燃料補助金が徐々に減額されるなか、当局は、燃料は新たな価格で販売される、と発表している。

25日現在、20リットル缶のガソリン価格は133,000レバノンポンド(88ドル)で、20リットル缶のディーゼルは99,000ポンドだ。運送費は必然的に高騰し、運賃は乗客1人当たり20,000ポンドに値上がりした。前日の2倍以上だ。
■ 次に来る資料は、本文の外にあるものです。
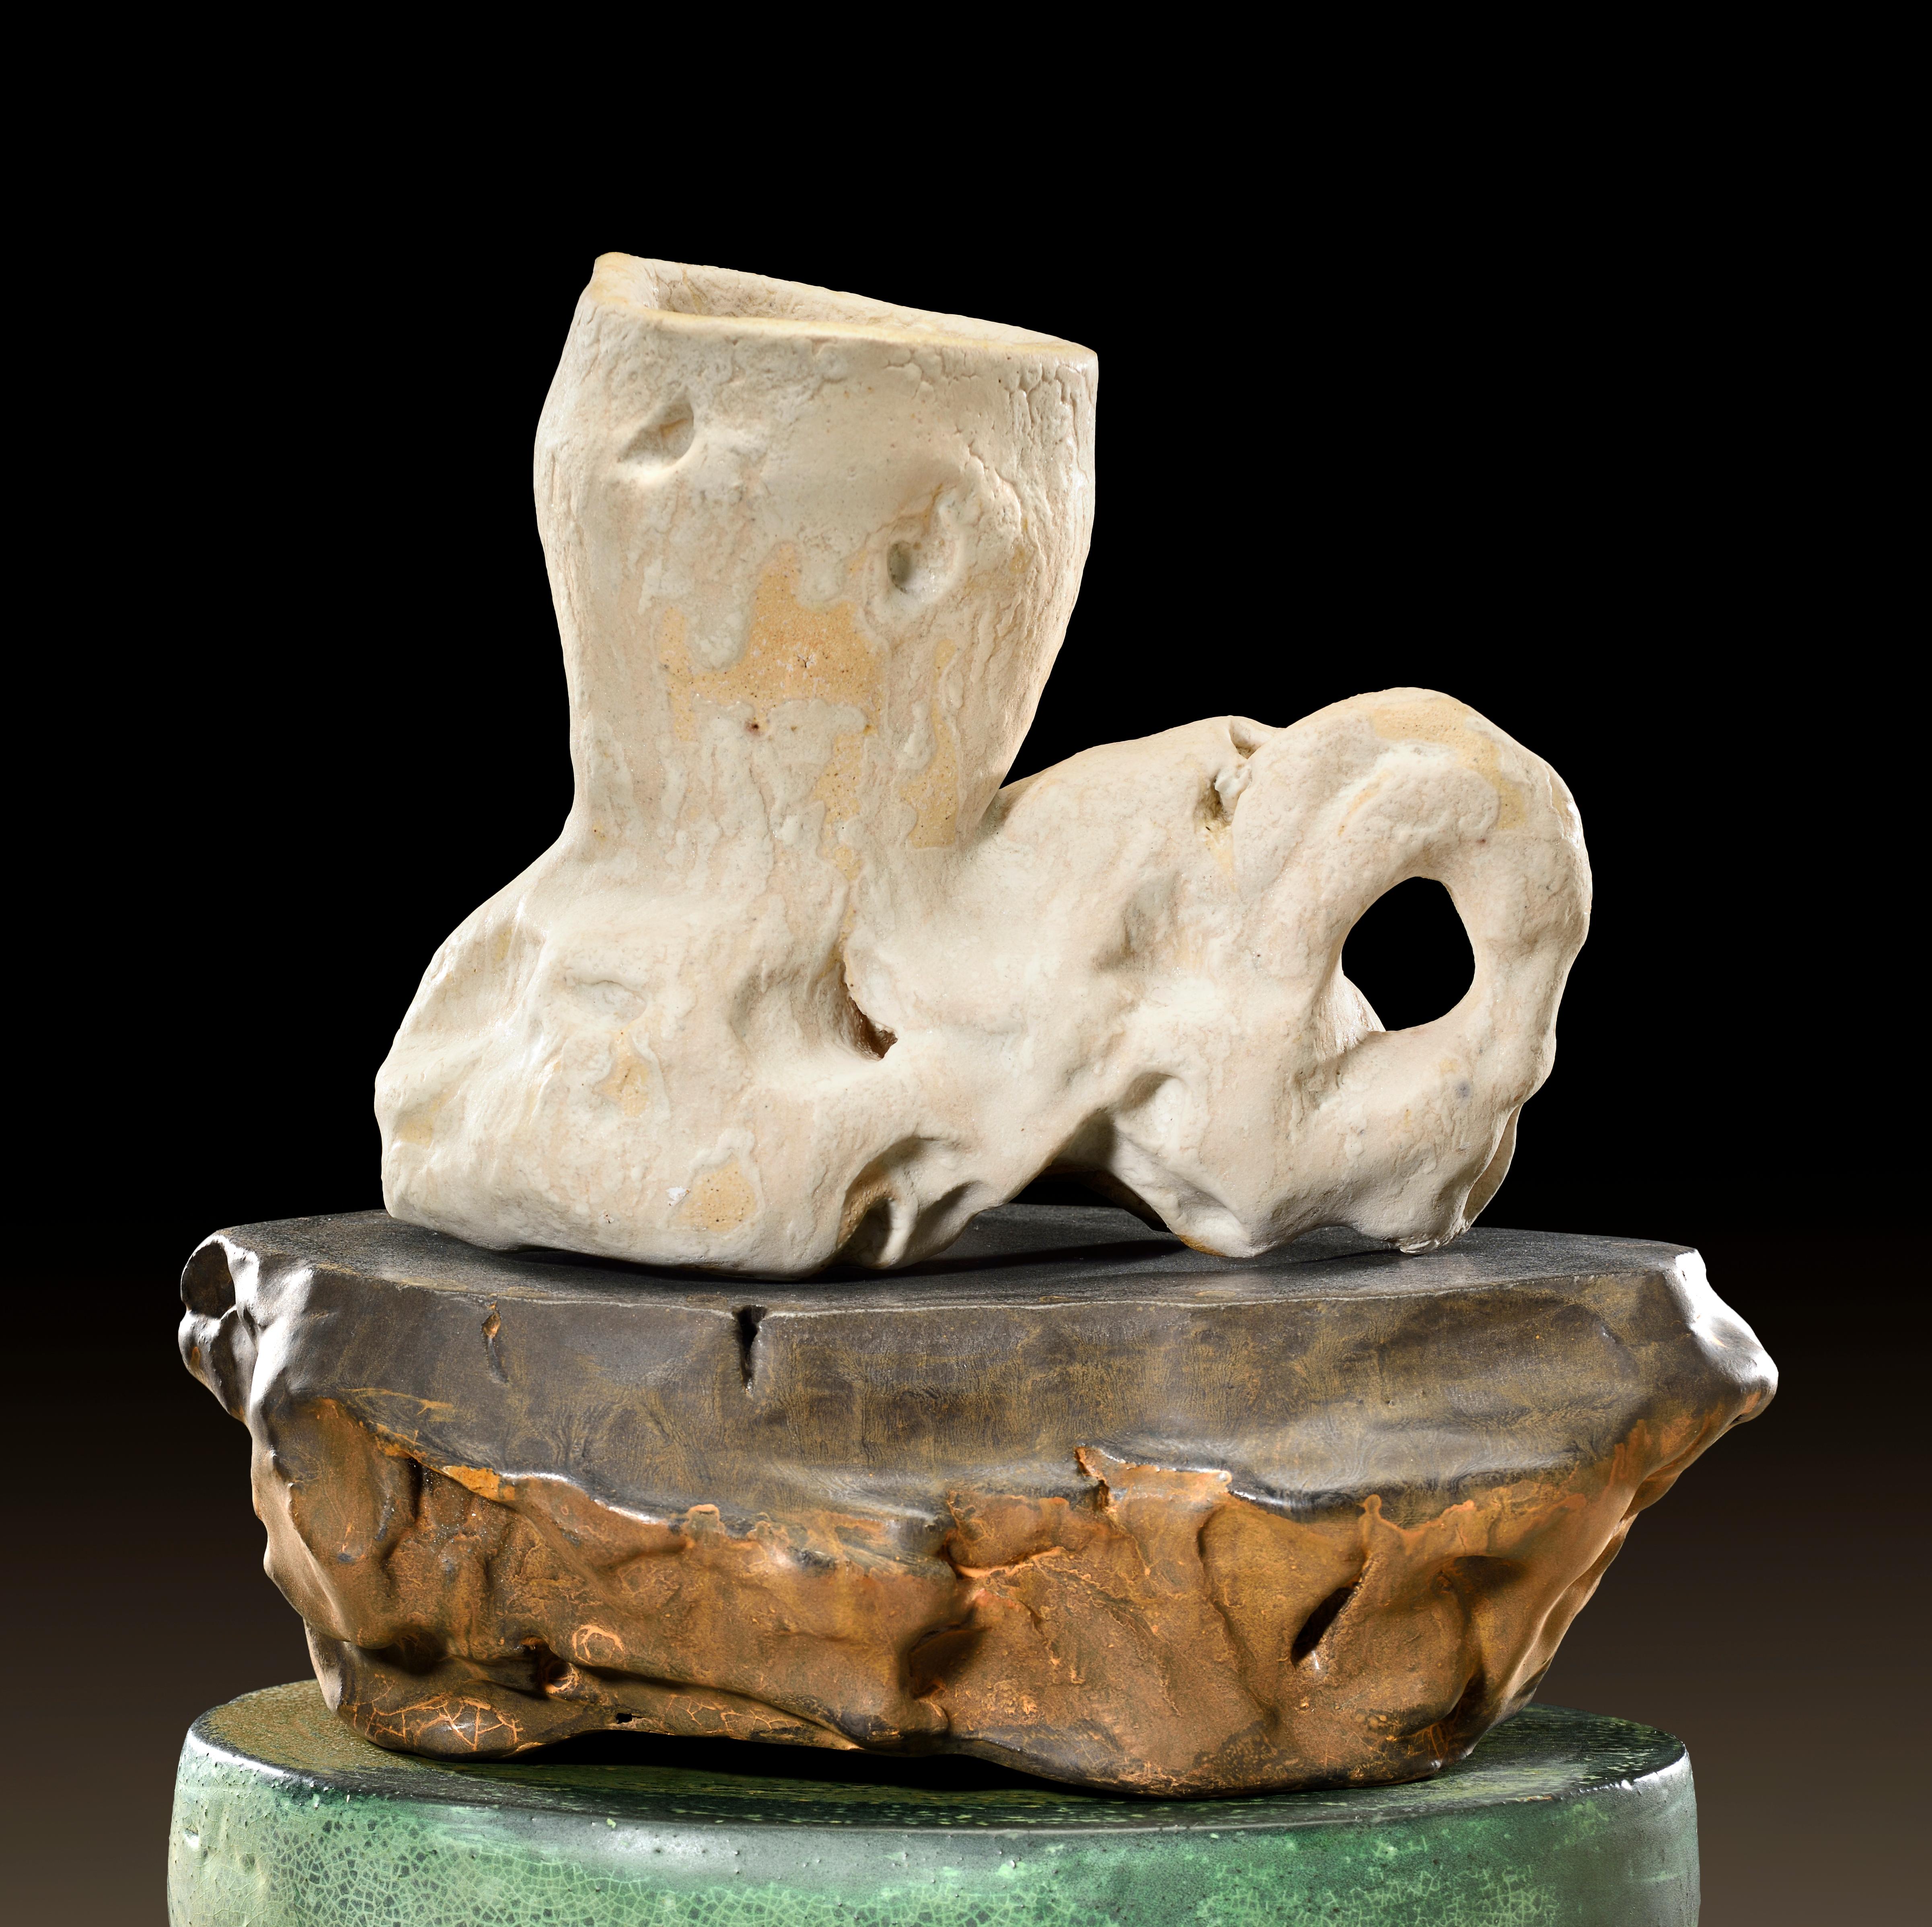 American Richard Hirsch Ceramic Scholar Rock Cup Sculpture #32, 2017 - 2018 For Sale

国民の声は、独り占めしている連中を逮捕して刑務所に入れろ、というものだが、レバノンの刑法では買いだめは軽犯罪に分類され、制裁は罰金か最長6カ月の自由刑だ。

ところで、ガーダ・アウン判事はレバノン中央銀行のリアド・サラメ総裁に対する捜査・捜索令状を発付した。マネーロンダリングと海外への資金移転の容疑で、取り調べ日を定めた5日後になされたものだ。総裁はその取り調べの場に出頭しなかった。

レバノンの県検事総長ガッサン・オーアイダット氏は4月、アウン判事をこの事件から外した。だが、判事は捜査の続行を主張し、自由愛国運動の活動家の支援を得て両替会社に踏み込んだ。

別の事案では、レバノンのハッサン・ディアブ暫定首相は、昨年のベイルートの爆発事故の捜査を行うタレク・ビター判事の下に出頭しない予定だ。ディアブ氏は26日にこの事件の被告として尋問を受けることになっているが、尋問は大統領・閣僚の裁判のための最高評議会でなされるべきだと主張している。

ビター判事の先任者である捜査判事、ファディ・サワン判事は、1年以上前に証人としてのディアブ氏の証言を聴いている。ディアブ氏はその証言では、港に硝酸アンモニウムが違法に保管されていたことを認め、爆発事故のわずか数日前の現場への訪問について心変わりした理由を説明した。